In [None]:
import os
import sys
import numpy as np

import matplotlib.pyplot as plt
import seaborn as sns

In [None]:
from data_preparation.data_loader import (
    load_dataset,
    split_train_validation,
    create_csv_submission,
    change_negative_class,
)
from data_preparation.features_util import keep_features, merge_features
from data_preparation.features_info import FEATURES_DICT, REPLACEMENT_LIST
from data_preparation.preprocessing import preprocessing_pipeline, basic_preprocessing_pipeline
from model.train import reg_logistic_regression
from model.predict import predict, predict_no_labels
from util.evaluation import evaluation_summary, accuracy, f1_score
from util.plotting import loss_visualization, decision_threshold
from util.util import init_random_seeds

init_random_seeds()

BASE_PATH = os.path.dirname(os.getcwd()) + "/data"

In [None]:
hyperparams = {
    "gamma": 1,
    "lambda": 0.00001,
    "batch_size": 10000
}

# Data loading

### ⚠️ Note that the `x_sub` here refers to data for which predictions will be made, but for which we don't have the labels! To refer to the data used for local testing we'll use `x_va` and `y_va` (validation).

In [None]:
# Load data without subsampling
x_train, y_train, x_sub, feature_names = load_dataset(
    path_x_train=BASE_PATH + "/x_train.csv",
    path_y_train=BASE_PATH + "/y_train.csv",
    path_x_test=BASE_PATH + "/x_test.csv",
    sub_sample=False,
)

# Create the feature index dictionary
feature_index = dict(zip(feature_names, range(len(feature_names))))

# Pre-processing

#### This notebook uses the GOOD pre-processing: only selected features are kept and pre-processed using the informed pre-processing pipeline

In [None]:
# Keeping only selected features both in train and validation set
x_train_clean, clean_features, clean_feature_index = keep_features(
    x_train, FEATURES_DICT.keys(), feature_names, feature_index, verbose=False
)

# Call to the informed preprocessing pipeline on the selected features
x_train_clean_proc = preprocessing_pipeline(
    x_train_clean,
    where=clean_features,
    feature_index=clean_feature_index,
    nan_replacement=REPLACEMENT_LIST,
    normalize="mixed",
)

## Data preparation and split sets

#### From now on we'll use the local train and validation data: `x_tr` and `y_tr` for training and `x_va` and `y_va` for validation

In [None]:
    # Translate labels from -1/1 to 0/1
y_train = change_negative_class(y_train[:, 1], current=-1, new=0)

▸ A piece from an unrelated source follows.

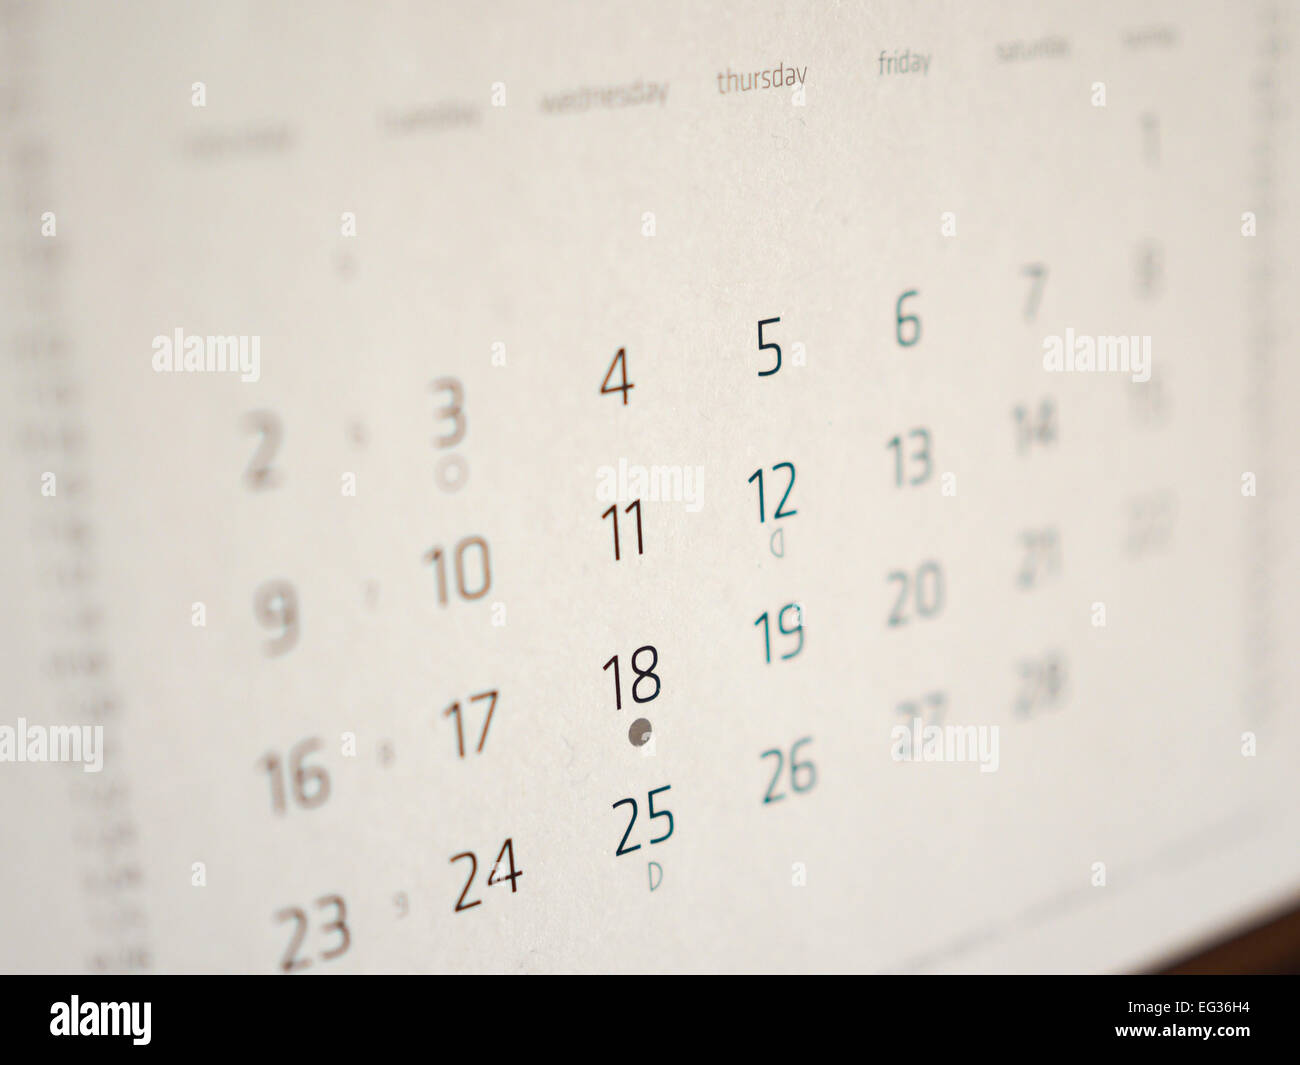 Dettaglio di una pagina di un calendario con le date Foto Stock
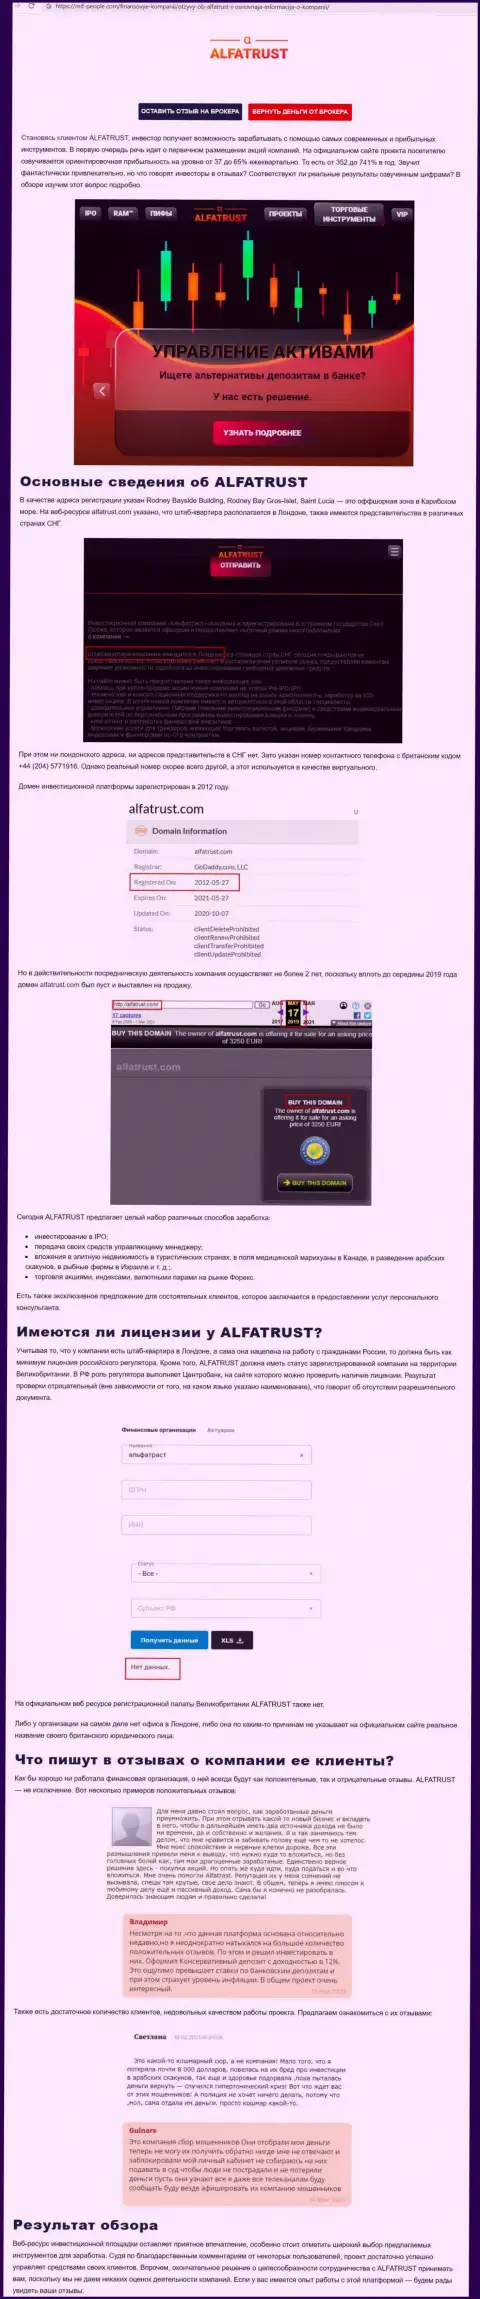 Сайт mif people com разместил сведения о forex дилинговой компании АльфаТраст

# Split local data into train and validation
(x_tr, x_va, y_tr, y_va) = split_train_validation(
    x_train_clean_proc, y_train, valid_proportion=0.1
)

# Add bias column to the training and validation data
x_tr_bias = np.append(x_tr, np.ones(shape=(x_tr.shape[0], 1)), axis=1)
x_va_bias = np.append(x_va, np.ones(shape=(x_va.shape[0], 1)), axis=1)

# Training

In [None]:
w, train_loss, valid_loss = reg_logistic_regression(
    x_tr_bias,
    y_tr,
    x_va_bias,
    y_va,
    lambda_=hyperparams["lambda"],
    max_iter=5000,
    gamma=hyperparams["gamma"],
    batch_size=hyperparams["batch_size"],
    optimizer="sgd",
    w=np.random.random(size=x_tr_bias.shape[1]),
    all_losses=True,
)

In [None]:
# plot losses
loss_visualization(train_loss, valid_loss)
plt.yscale("log")

# Evaluation on validation set

In [None]:
sns.histplot(predict_no_labels(x_va_bias, w), bins=30, kde=True)
plt.title("Distribution of unlabeled predictions on validation set")
plt.show()

In [None]:
threshold_opt = decision_threshold(x_va_bias, w, y_va)

In [None]:
predicted_y_va = predict(x_va_bias,
                         w,
                         threshold=threshold_opt,
                         negative_label=0)
print("EVALUATION SUMMARY ON VALIDATION SET")
print("Threshold: {}".format(threshold_opt))
evaluation_summary(y_va, predicted_y_va)


---

# COMPUTE RESULT FOR SUBMISSION

### Pre processing and data preparation

In [None]:
ids = x_sub[:, 0]
# Keep only selected features in submission
x_sub_clean, clean_features, clean_feature_index = keep_features(
    x_sub, FEATURES_DICT.keys(), feature_names, feature_index, verbose=False
)

x_sub_clean_proc = preprocessing_pipeline(
    x_sub_clean,
    where=clean_features,
    feature_index=clean_feature_index,
    nan_replacement=REPLACEMENT_LIST,
    normalize="mixed",
)


x_sub_bias = np.append(
    x_sub_clean_proc, np.ones(shape=(x_sub_clean_proc.shape[0], 1)), axis=1
)

### Prediction

In [None]:
predicted_y_sub = predict(
    x_sub_bias, w, threshold=threshold_opt, negative_label=-1
)

# Save predictions to csv file
create_csv_submission(
    ids=ids, y_pred=predicted_y_sub, path=BASE_PATH + "/submission_good.csv"
)

In [None]:
fig, axs = plt.subplots(1, 2, figsize=(15, 5))
sns.histplot(y_va, ax=axs[0])
axs[0].set_title("Labels distribution in validation set")
sns.histplot(predicted_y_sub, ax=axs[1])
axs[1].set_title("Predictions distribution")